Pain relief: All patients were assessed using the visual analog scale (VAS), with a score of 0 representing no pain and 10 representing the most severe pain. For patients who did not take opioids before HIFU but took conventional analgesics, the pain score before requiring oral analgesics was recorded. For patients who required routine oral opioid analgesia preoperatively, the postoperative analgesic doses were compared to the preoperative doses. Follow-up examinations were performed by outpatient evaluation or telephone assessments (once a month), from the time of discharge to the patient’s death or the follow-up cutoff date of March 1, 2023.

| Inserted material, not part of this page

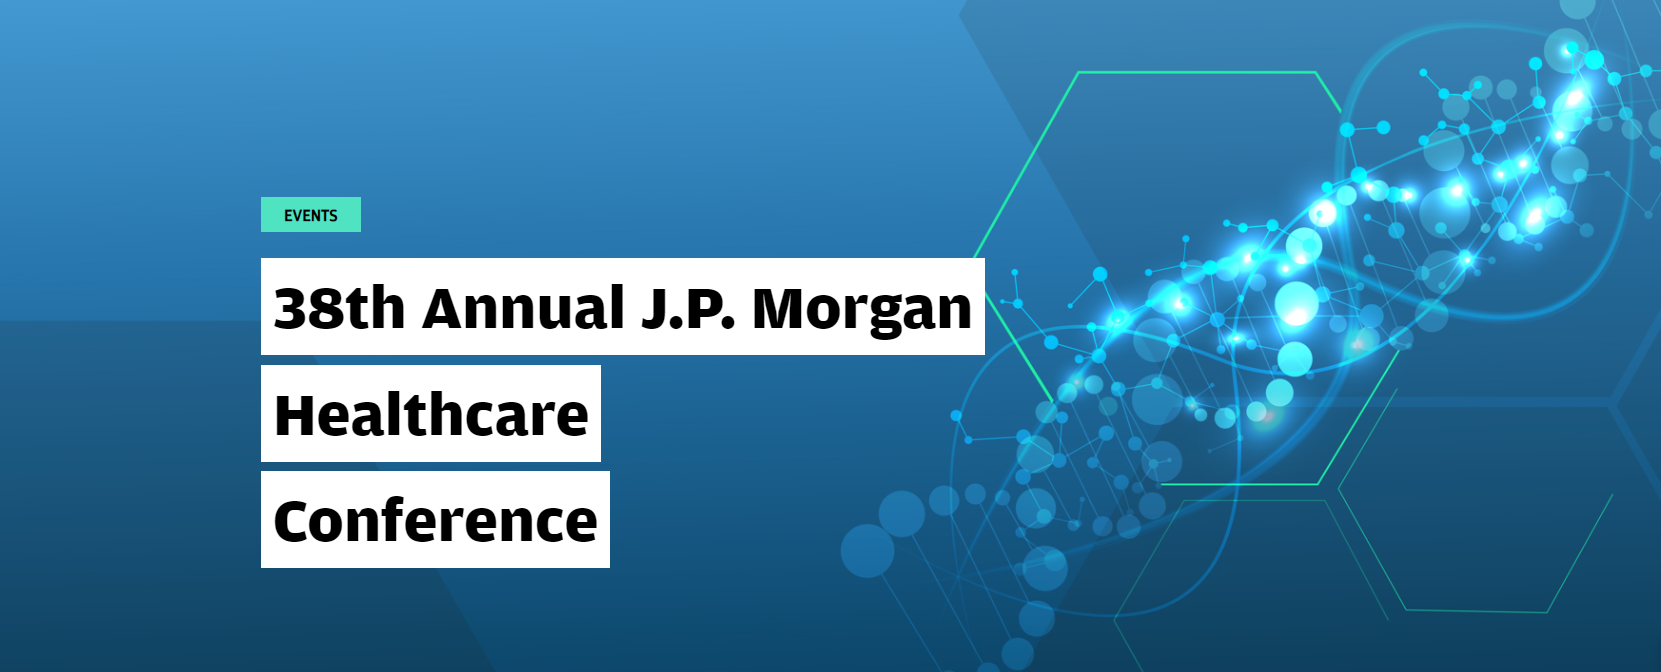 JP Morgan Healthcare Conference e1623370586220

Survival time: Considering the differences in disease stages when patients seek medical treatment, the date of the patient’s first HIFU treatment at our hospital is set as the starting point, and death from pancreatic cancer is the endpoint event.
Statistical methods
SPSS26.0 software (IBM SPSS Inc., Chicago, IL, USA) was used for statistical analysis. Normally distributed data were expressed as mean ± standard deviation (mean ± SD). Non-normally distributed data were presented as median and interquartile range. The χ2 test was used to compare count data. The Kaplan–Meier method was used to calculate survival; the log-rank method was used to compare differences between groups; and the variables affecting survival were analyzed using a Cox regression model with multiple factors. p < 0.05 was considered statistically significant.
Results
Baseline characteristics
As shown in , the average age of the patients was 67.3 ± 5.6 years (range: 38–76 years). A total of 57 patients were diagnosed through pathological biopsy, while 31 patients were clinically diagnosed using imaging. Pathologic biopsy modalities included: transabdominal ultrasound in 35 cases, endoscopic ultrasound in 19 cases, and laparoscopic biopsy in 3 cases. The smallest tumor was 2.2 cm in diameter; the largest tumor was 6.0 cm in diameter. All patients had varying degrees of pain, and 22 required regular oral opioids. Among them, 15 patients had obstructive jaundice (3, 10, and 2 patients with mild to moderate severity) and underwent PTCD or biliary stent placement to reduce their serum total bilirubin and direct bilirubin levels to within 1.5 times the normal upper limit before HIFU treatment. A total of 51 patients underwent combination chemotherapy, which was started 3 days after HIFU surgery. The chemotherapy regimens included gemcitabine/albumin-bound paclitaxel (GN) in 38 cases; gemcitabine/tegafur, gimeracil, and oteracil potassium capsules in eight cases; and the three-drug combination FOLFIRINOX regimen in five cases. The median time from the initial diagnosis to HIFU treatment was 9 days, with a mean time of 10.7 days.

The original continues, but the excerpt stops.